» Supplied data:
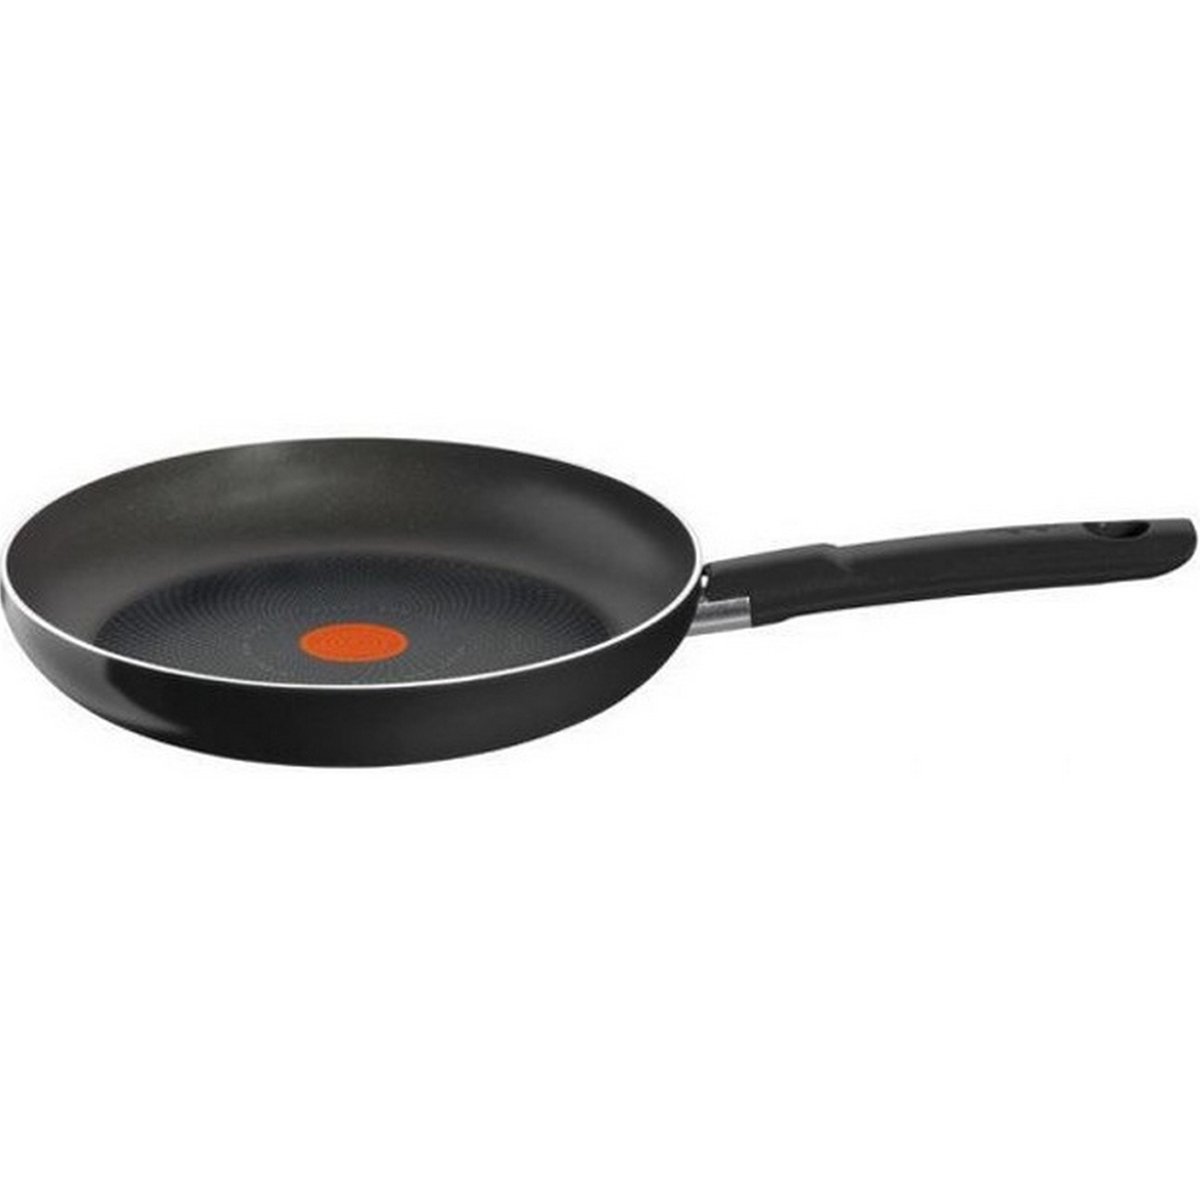 Tefal Non-Stick Fry Pan with Spatula, 26 cm, B6160562
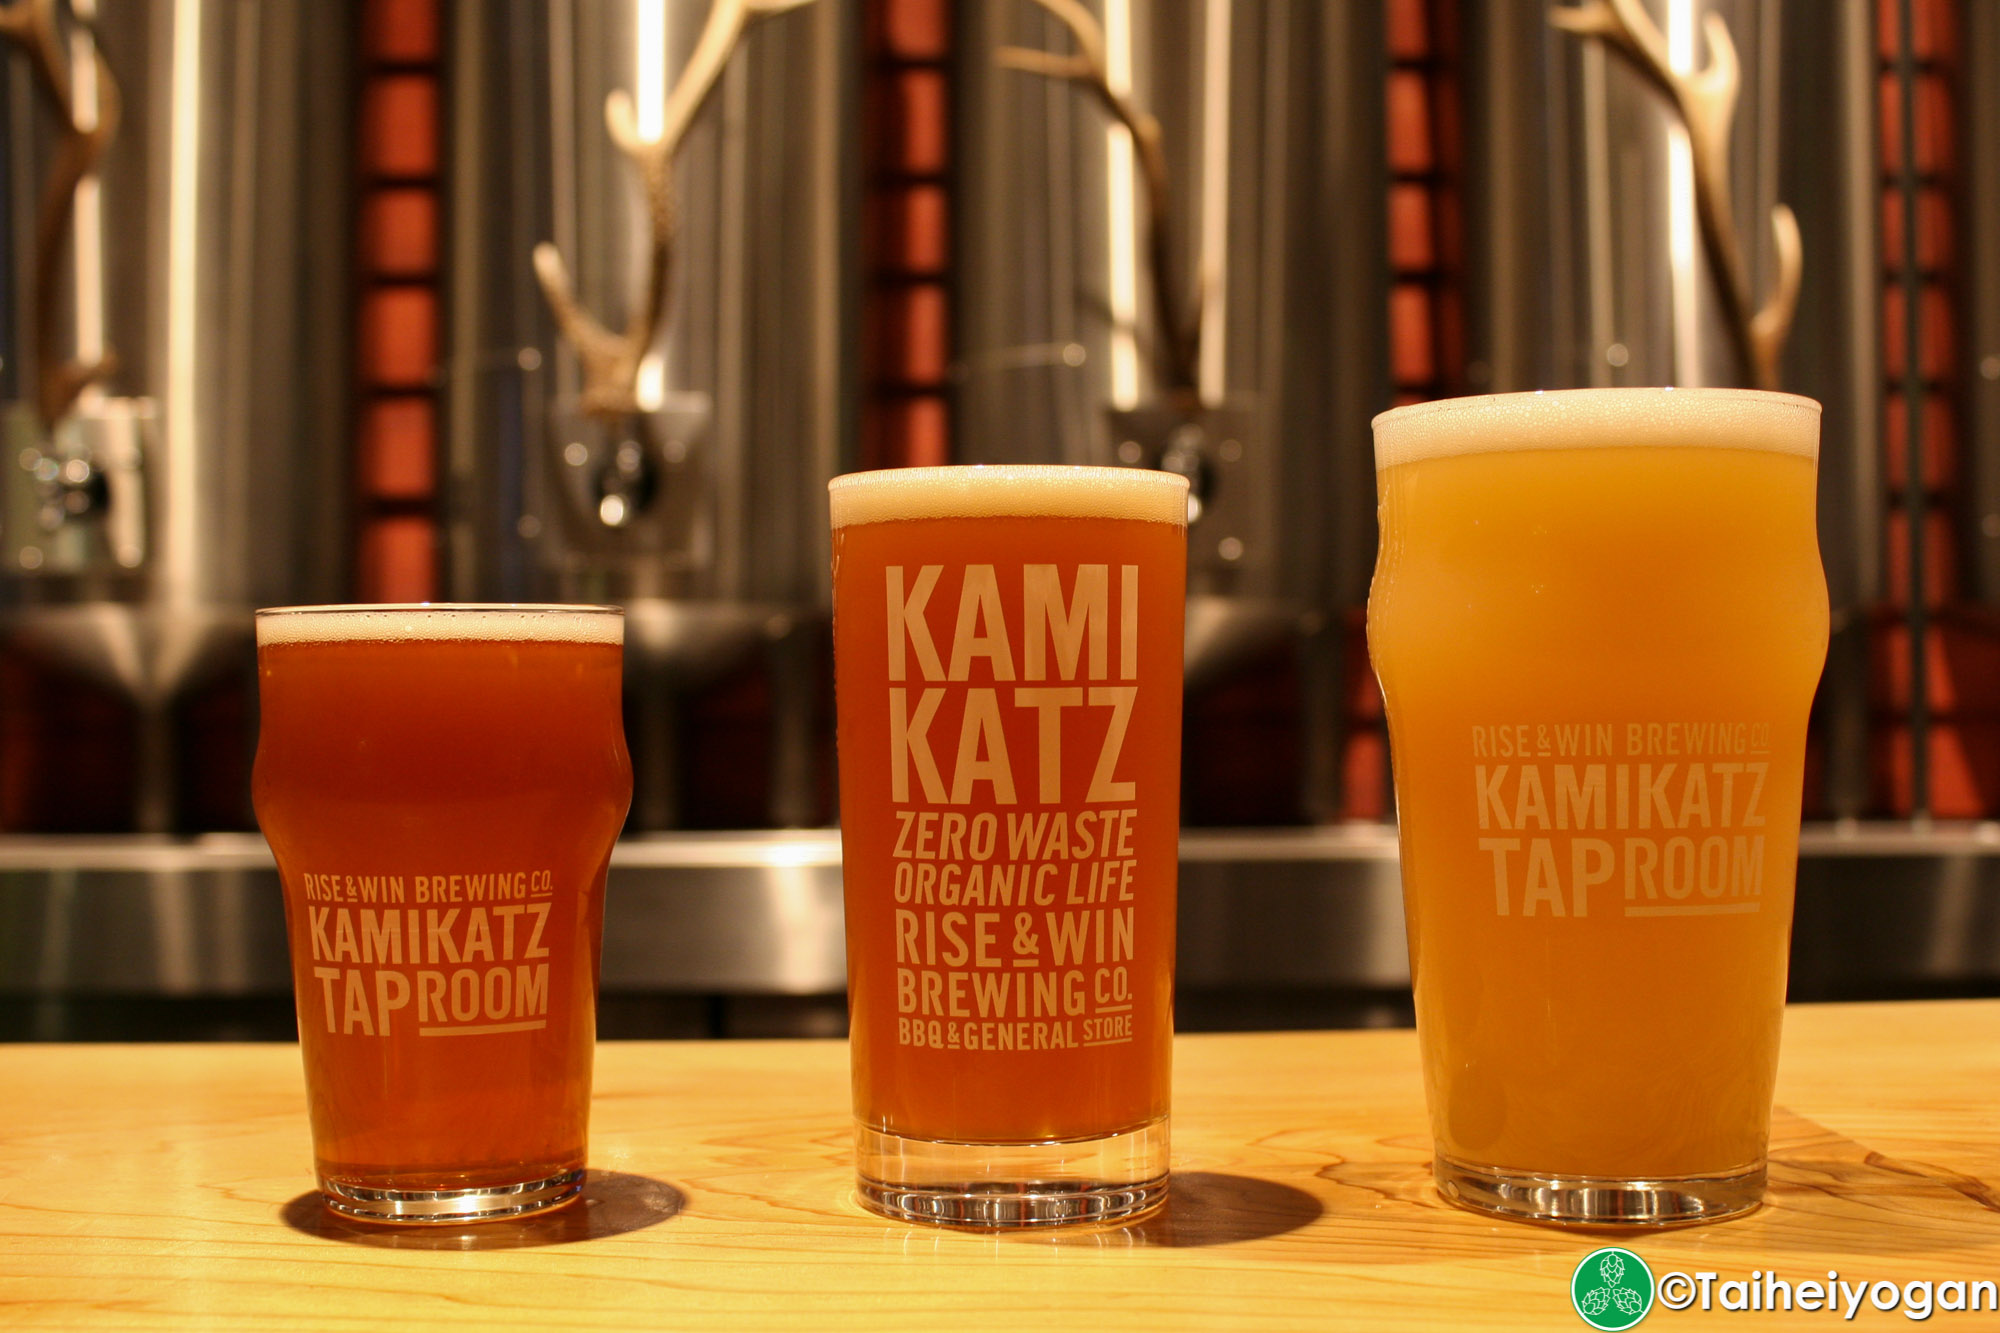 Kamikatz Taproom (Rise & Win Brewing Co.) - Menu - Kamikatz Rise & Win Brewing Craft Beer
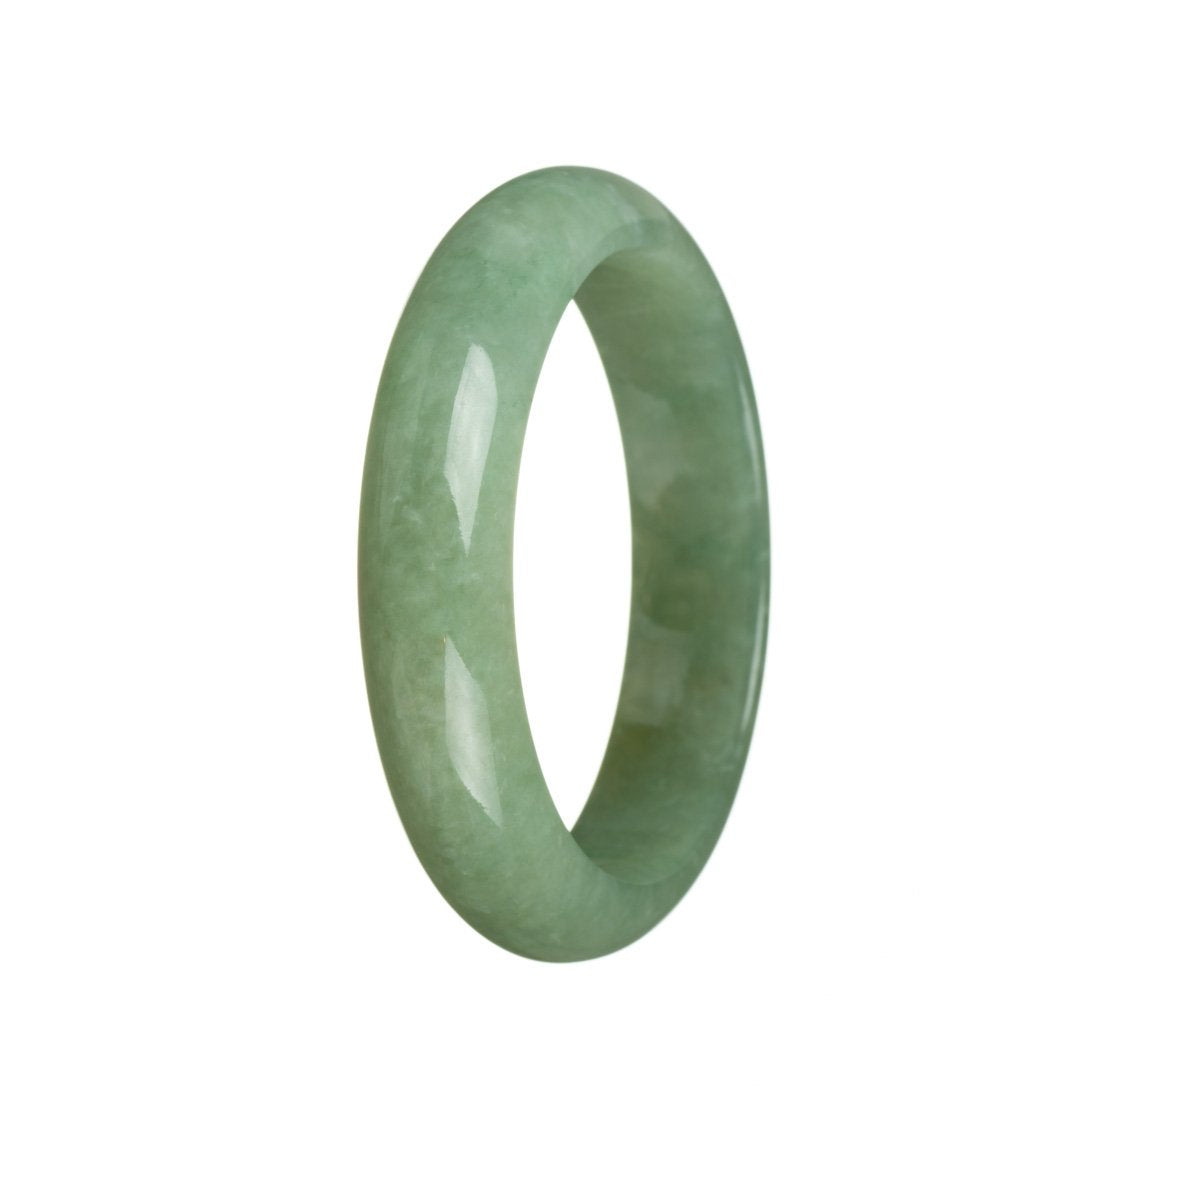 A half moon-shaped bangle made of genuine, untreated green Burma jade, measuring 55mm in diameter.
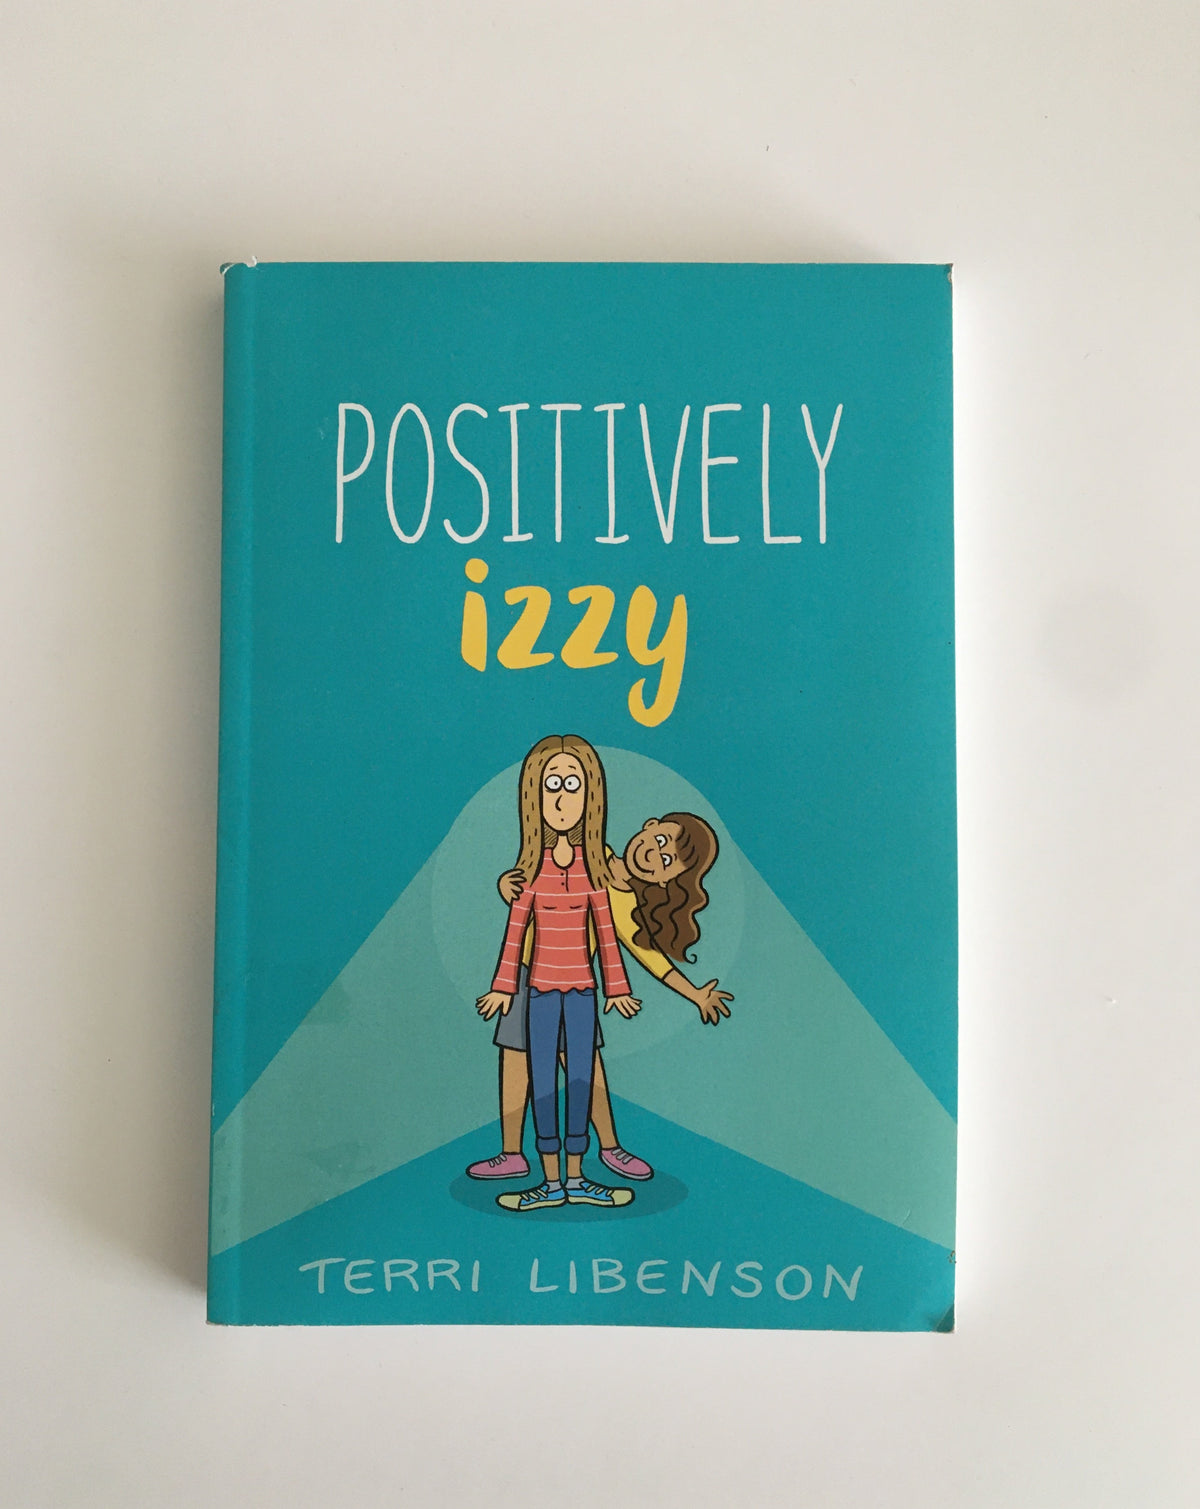 Positively Izzy by Terri Libenson

» Exercise details: Exactly repeat the data above; the pictures do not belong in your copy.

» Your response:
 Tefal Non-Stick Fry Pan with Spatula, 26 cm, B6160562
 Kamikatz Taproom (Rise & Win Brewing Co.) - Menu - Kamikatz Rise & Win Brewing Craft Beer
 A half moon-shaped bangle made of genuine, untreated green Burma jade, measuring 55mm in diameter.
 Positively Izzy by Terri Libenson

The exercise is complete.